Saved data entries:
————

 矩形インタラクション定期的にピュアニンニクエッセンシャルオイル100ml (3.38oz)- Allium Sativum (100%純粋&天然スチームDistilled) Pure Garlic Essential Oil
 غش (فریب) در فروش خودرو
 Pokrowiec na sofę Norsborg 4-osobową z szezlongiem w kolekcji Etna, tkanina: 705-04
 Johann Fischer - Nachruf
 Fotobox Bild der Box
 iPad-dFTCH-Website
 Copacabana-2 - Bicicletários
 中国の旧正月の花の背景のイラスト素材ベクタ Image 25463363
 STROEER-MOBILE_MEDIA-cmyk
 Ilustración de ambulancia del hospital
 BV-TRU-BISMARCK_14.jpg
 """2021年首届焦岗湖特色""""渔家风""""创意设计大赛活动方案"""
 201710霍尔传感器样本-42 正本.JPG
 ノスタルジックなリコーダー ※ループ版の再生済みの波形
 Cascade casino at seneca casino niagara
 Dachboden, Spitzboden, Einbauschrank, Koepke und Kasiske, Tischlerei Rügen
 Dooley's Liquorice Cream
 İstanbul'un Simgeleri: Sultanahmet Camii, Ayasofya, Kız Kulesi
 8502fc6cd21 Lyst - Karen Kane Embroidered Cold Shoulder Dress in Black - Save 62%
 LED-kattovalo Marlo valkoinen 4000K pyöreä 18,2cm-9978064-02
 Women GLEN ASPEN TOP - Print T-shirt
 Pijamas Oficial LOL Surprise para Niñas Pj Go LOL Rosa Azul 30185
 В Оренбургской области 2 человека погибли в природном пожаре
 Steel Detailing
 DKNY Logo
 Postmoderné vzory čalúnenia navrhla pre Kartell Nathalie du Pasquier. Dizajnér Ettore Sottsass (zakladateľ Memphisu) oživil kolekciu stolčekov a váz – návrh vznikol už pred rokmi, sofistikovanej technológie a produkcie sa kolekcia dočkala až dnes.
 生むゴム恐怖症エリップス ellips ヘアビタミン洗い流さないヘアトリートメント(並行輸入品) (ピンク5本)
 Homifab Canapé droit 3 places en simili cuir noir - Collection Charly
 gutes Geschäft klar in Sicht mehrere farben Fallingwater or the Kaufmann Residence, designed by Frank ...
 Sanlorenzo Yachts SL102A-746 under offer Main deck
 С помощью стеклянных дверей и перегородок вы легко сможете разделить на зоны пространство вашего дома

————

*YOUR OBJECTIVE:*
Whatever appears in the data above must be copied word for word.

*ANSWER FOR THE TASK:*
 矩形インタラクション定期的にピュアニンニクエッセンシャルオイル100ml (3.38oz)- Allium Sativum (100%純粋&天然スチームDistilled) Pure Garlic Essential Oil
 غش (فریب) در فروش خودرو
 Pokrowiec na sofę Norsborg 4-osobową z szezlongiem w kolekcji Etna, tkanina: 705-04
 Johann Fischer - Nachruf
 Fotobox Bild der Box
 iPad-dFTCH-Website
 Copacabana-2 - Bicicletários
 中国の旧正月の花の背景のイラスト素材ベクタ Image 25463363
 STROEER-MOBILE_MEDIA-cmyk
 Ilustración de ambulancia del hospital
 BV-TRU-BISMARCK_14.jpg
 """2021年首届焦岗湖特色""""渔家风""""创意设计大赛活动方案"""
 201710霍尔传感器样本-42 正本.JPG
 ノスタルジックなリコーダー ※ループ版の再生済みの波形
 Cascade casino at seneca casino niagara
 Dachboden, Spitzboden, Einbauschrank, Koepke und Kasiske, Tischlerei Rügen
 Dooley's Liquorice Cream
 İstanbul'un Simgeleri: Sultanahmet Camii, Ayasofya, Kız Kulesi
 8502fc6cd21 Lyst - Karen Kane Embroidered Cold Shoulder Dress in Black - Save 62%
 LED-kattovalo Marlo valkoinen 4000K pyöreä 18,2cm-9978064-02
 Women GLEN ASPEN TOP - Print T-shirt
 Pijamas Oficial LOL Surprise para Niñas Pj Go LOL Rosa Azul 30185
 В Оренбургской области 2 человека погибли в природном пожаре
 Steel Detailing
 DKNY Logo
 Postmoderné vzory čalúnenia navrhla pre Kartell Nathalie du Pasquier. Dizajnér Ettore Sottsass (zakladateľ Memphisu) oživil kolekciu stolčekov a váz – návrh vznikol už pred rokmi, sofistikovanej technológie a produkcie sa kolekcia dočkala až dnes.
 生むゴム恐怖症エリップス ellips ヘアビタミン洗い流さないヘアトリートメント(並行輸入品) (ピンク5本)
 Homifab Canapé droit 3 places en simili cuir noir - Collection Charly
 gutes Geschäft klar in Sicht mehrere farben Fallingwater or the Kaufmann Residence, designed by Frank ...
 Sanlorenzo Yachts SL102A-746 under offer Main deck
 С помощью стеклянных дверей и перегородок вы легко сможете разделить на зоны пространство вашего дома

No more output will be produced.